| Summary: |
The main goal of this project is the development of a hybrid membrane/ Pressure Swing Adsorption (PSA) H2/CO2 separation process, which will be a part of a fossil fuel de-carbonization process used for the pre-combustion CO2 capture. Methane steam reforming is currently the major route for hydrogen production and will be employed as a model case. High purity hydrogen (99.99+%) is usually recovered from the reformate by using a PSA process. A typical PSA waste gas stream is not usually recycled since it has to be recompressed to the PSA feed pressure for recovering only a small fraction of the recycled hydrogen. Furthermore, it cannot be used for CO2 sequestration since it contains significant amounts of H2 and CH4. A hybrid process is expected to combine the high throughput and H2 product purity of a PSA process with the lower operating costs of a membrane process. It is expected to enhance the overall H2 recovery and provide an H2-free CO2 stream ready for capture and sequestration. To achieve this goal, the following scientific tasks have been identified:
* Generation of transport and adsorption data for H2/CO2 multicomponent mixtures for well characterized membrane and sorbent materials.

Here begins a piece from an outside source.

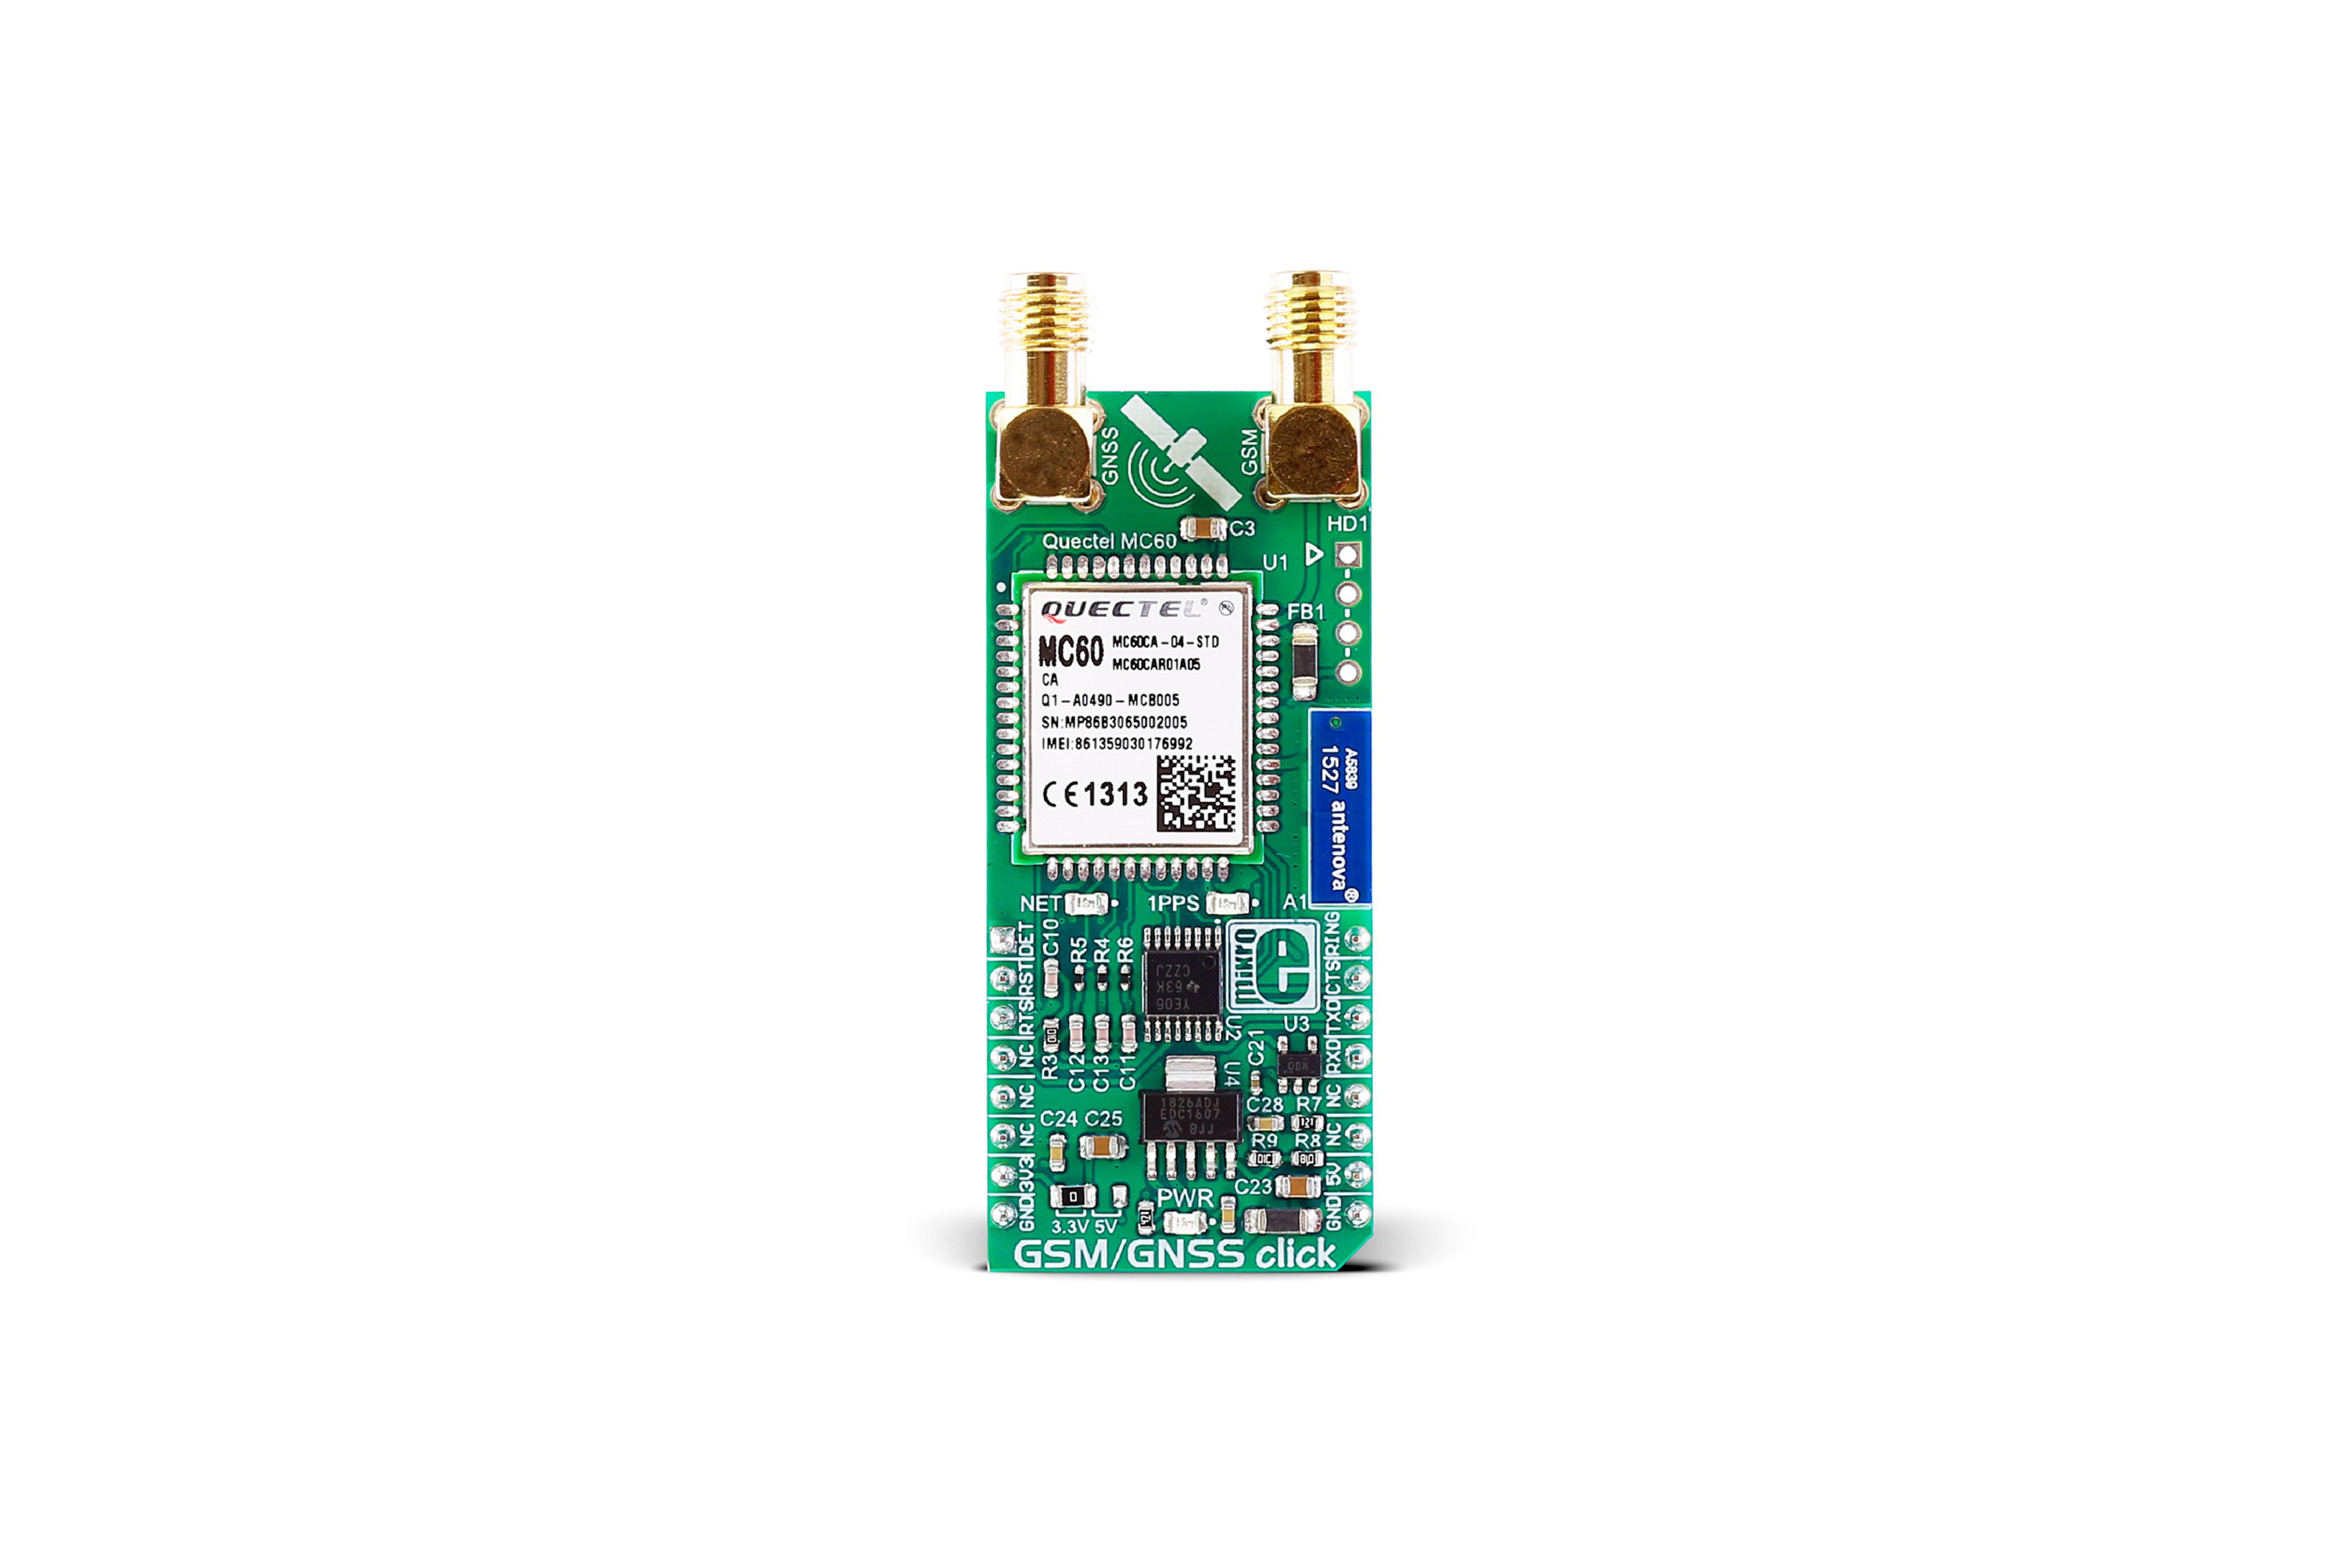 MIKROE GSM/GNSS CLICK BOARD, MIKROE-2439

* Development and improvement of membrane and PSA separation models
* Design and optimization of membrane, PSA and hybrid separation systems using the improved models developed.
* Component design for the manufacture of a lab-scale hybrid separation system prototype
* Assessment of the hybrid separation process sustainability and impact on the environment based on a life cycle analysis approach.
The following possible innovations are foreseen as an outcome of this project:
* H2 recovery improvement
* Simplification of PSA operation (reduction of steps) without loss of recovery and product purity
* Co-production of high purity H2 and CO2 streams
* Development of improved membrane and sorbent materials. |